Improvement and evaluation of loop-mediated isothermal amplification combined with a chromatographic flow dipstick assay and utilization in detection of Vibrio cholerae
Loop-mediated isothermal amplification (LAMP) is a specific, sensitive, and easy-to-perform nucleic acid analytical technique with wide application for diagnosis of disease. Recently, LAMP combined with use of a lateral chromatographic flow dipstick (LFD) has been widely used in nucleic acid detection. However, the LFD mechanism has not been systematically analyzed, and the optimal combination of labeled primers has not been adequately evaluated. We analyzed the LAMP mechanism and discovered that the labeled loop primers played a significant role in the LFD assay. To verify our hypothesis, we developed two LFD assays for Vibrio cholerae to detect the ctxA gene and the 16S–23S ribosomal DNA internal transcribed spacer (ITS). We labeled the inner primers [forward inner primer (FIP) and backward inner primer (BIP)] and loop primers [forward loop primer (LF) and backward loop primer (LB)]. Then the labeled and unlabeled primers were combined to form ten different primer sets. We assessed the specificity, sensitivity, and efficiency of LFD assays with use of different primer compositions. All triple-labeled primer sets resulted in false positive results in the LFD assay, as did the FIP and BIP double-labeled primer set. Other double-labeled-primer sets used in LFD assays showed higher sensitivity than the LAMP assays. Moreover, FIP and LF double-labeled and BIP and LB double-labeled sets had the highest sensitivity. In both cases, assays could be performed in 20 min. We also applied the ITS LFD assays in food samples. The enrichment broths of 112 oyster samples were tested, and the proportion that tested positive by the LFD assays was 6.25%, which was not lower than the rate for the conventional PCR method (5.36%).
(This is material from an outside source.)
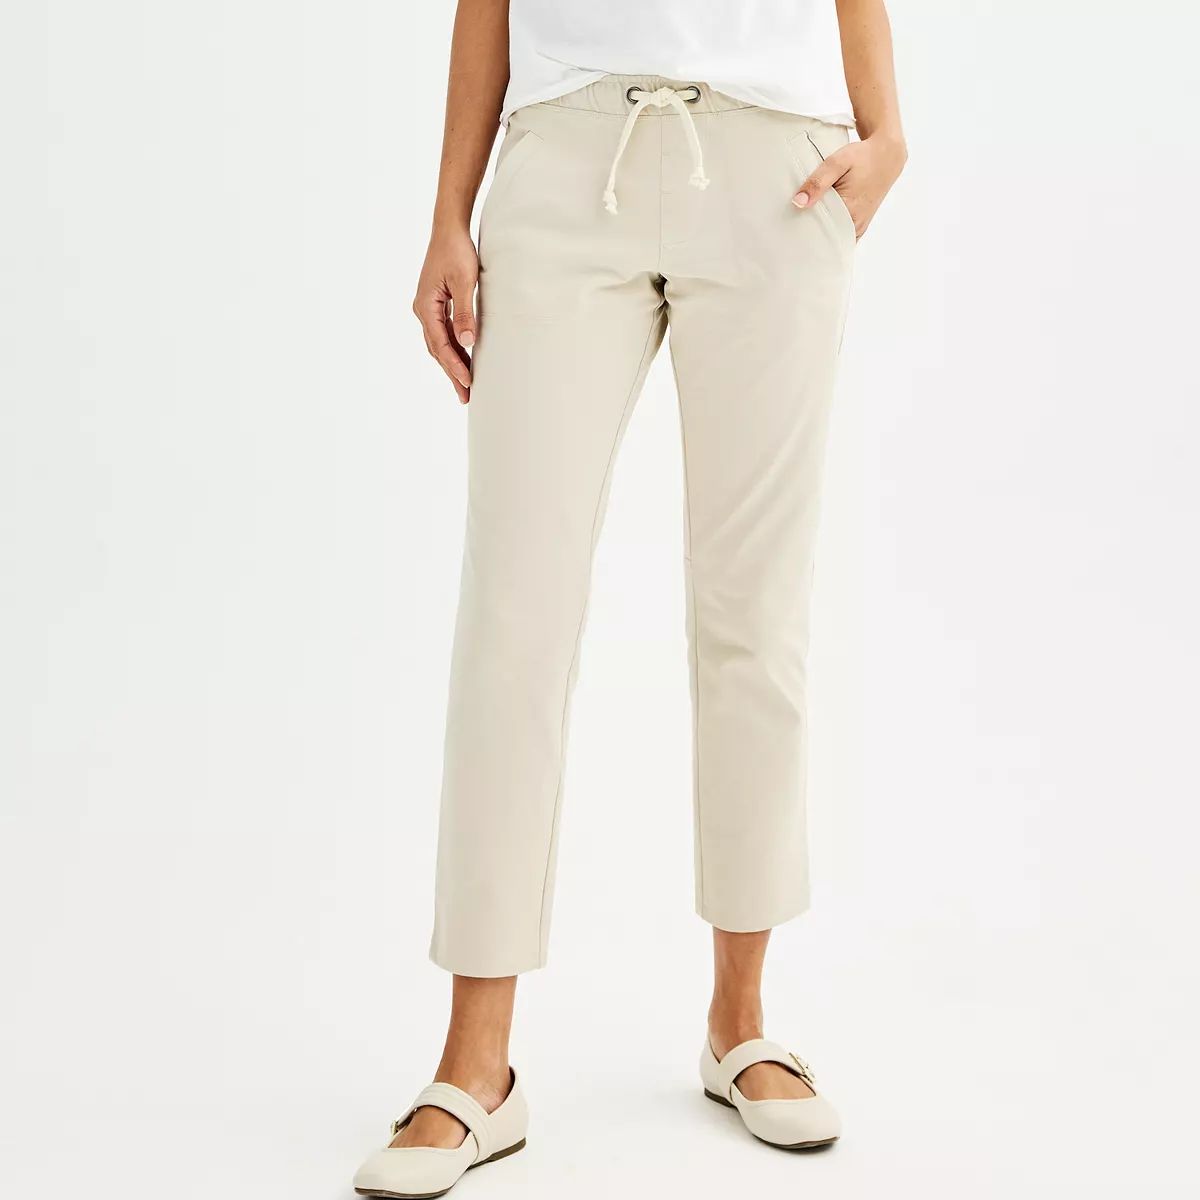 Women's Grey State Everyday Commuter Pants | Kohl's

KeywordsLoop-mediated isothermal amplification Chromatographic flow dipstick ctxA 16S–23S ribosomal DNA internal transcribed spacer Vibrio cholerae
This work was supported by a project from the National Undergraduate Training Program for Innovation and Entrepreneurship (no. 201510055113).
Compliance with ethical standards
Conflict of interest
The authors declare that they have no competing interests.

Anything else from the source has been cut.